The Resources of European Security -
Developing the EU Treaty Bases
for Police Cooperation and Judicial Cooperation
in Criminal Matters

Clemens Ladenburger

Dr. iur., LLM (Chicago). Member of the Legal Service of the European Com­mis­­sion 

This report traces the genesis, and analyses the structure, of the new provisions now included in the Treaty of Lisbon on police cooperation and judicial coopera­tion in criminal matters. They are to be understood against the backdrop of institu­tional shortcomings of the present framework set out in the third pillar of the Euro­pean Union: a lack of efficiency and effectiveness, complexity, and problems of le­gitimacy. Thanks to the dynamics that developed in the European Convention in 2002-2003, these problems were addressed in the European Constitution of 2004, which foresaw a de facto “communitarisation” of the third pillar.
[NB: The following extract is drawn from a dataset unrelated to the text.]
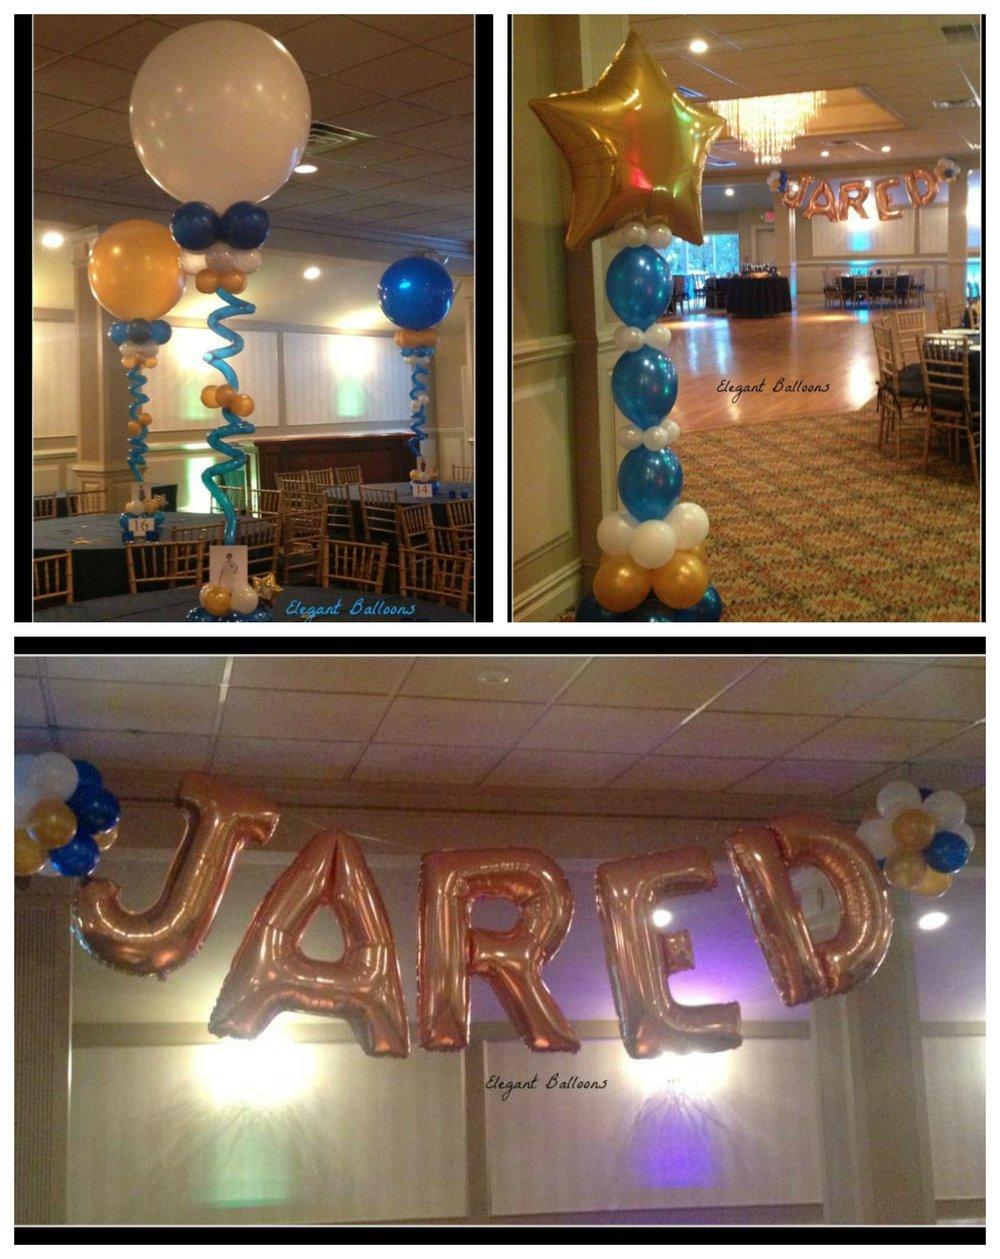 Jared's bar mitzvah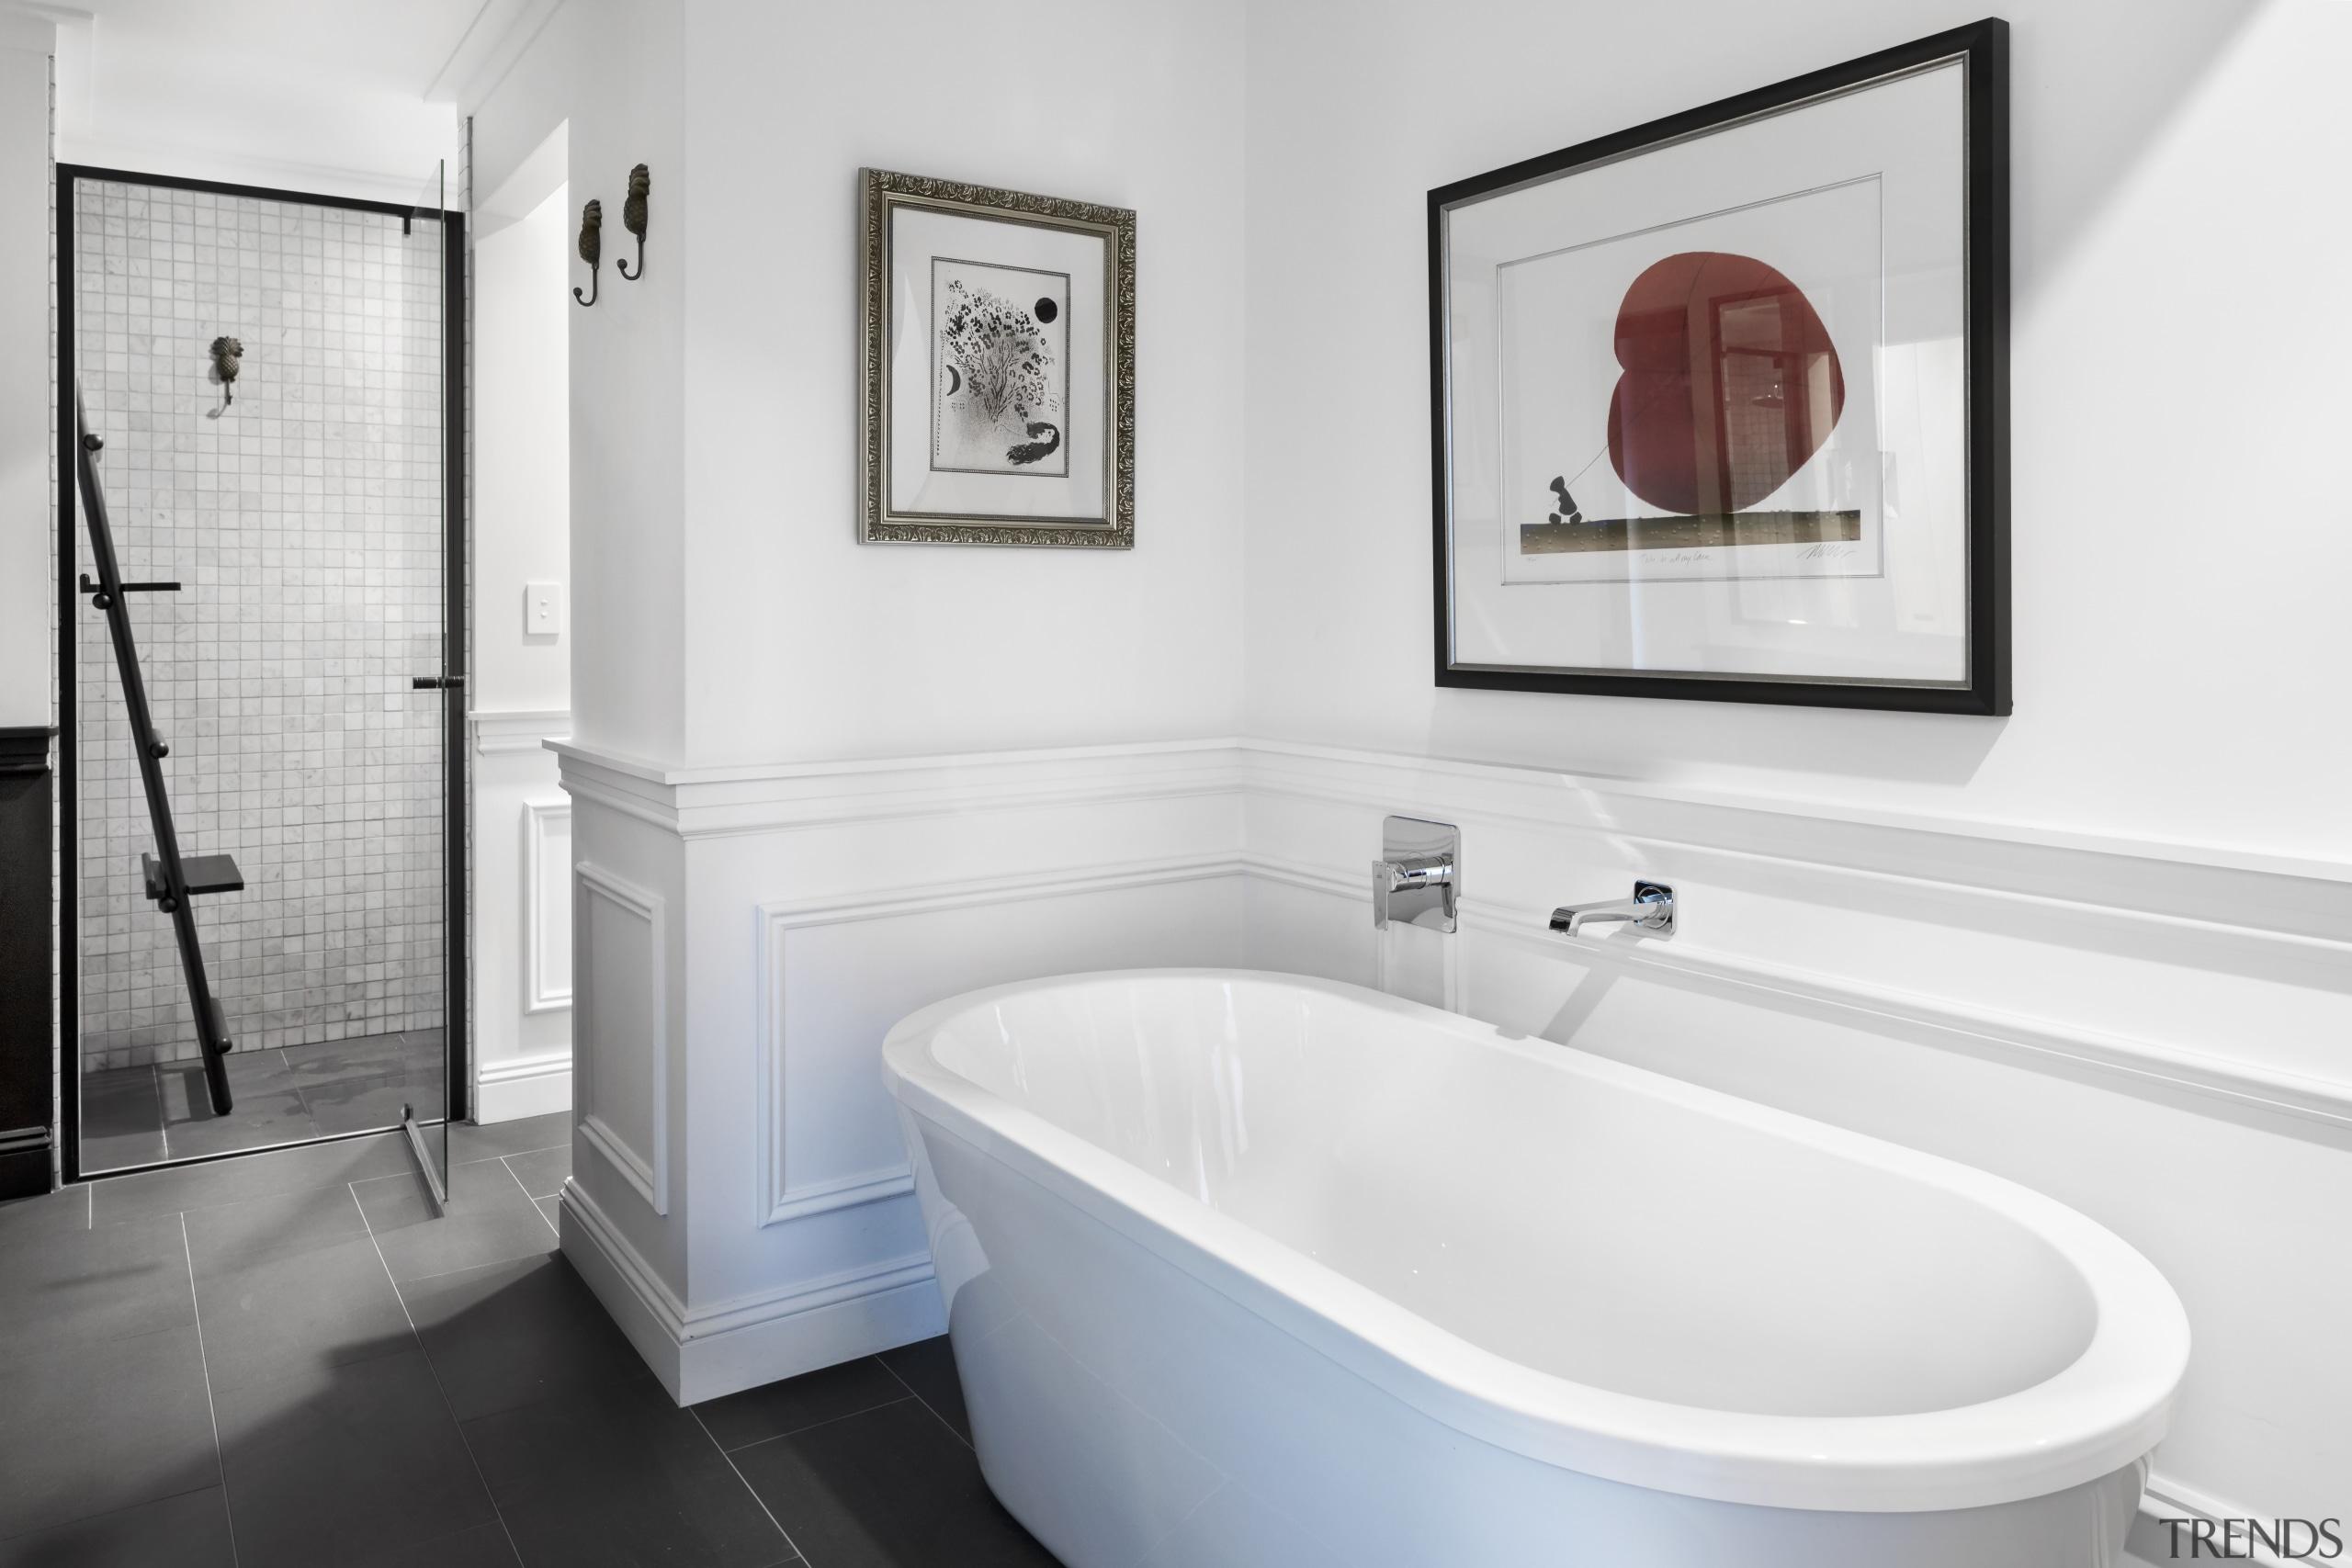 Even the artwork over the freestanding tub gets bathroom, bathroom accessories, tiled floor, bathroom design, plumbing fixtures, tap, white, Leon House

This result is pre­served in the Treaty of Lisbon. The report explains the main factors that made it pos­sible to achieve this result: some special institutional arrangements, a thorough revision of the Union’s competencies, and extended opt-out/opt-in regimes. Fi­nally, the report looks at the radically changed Treaty foundations of Europol and Eurojust that, together with the possibility of creating a European Public Prosecu­tor’s Office, offer further institutional resources for European security.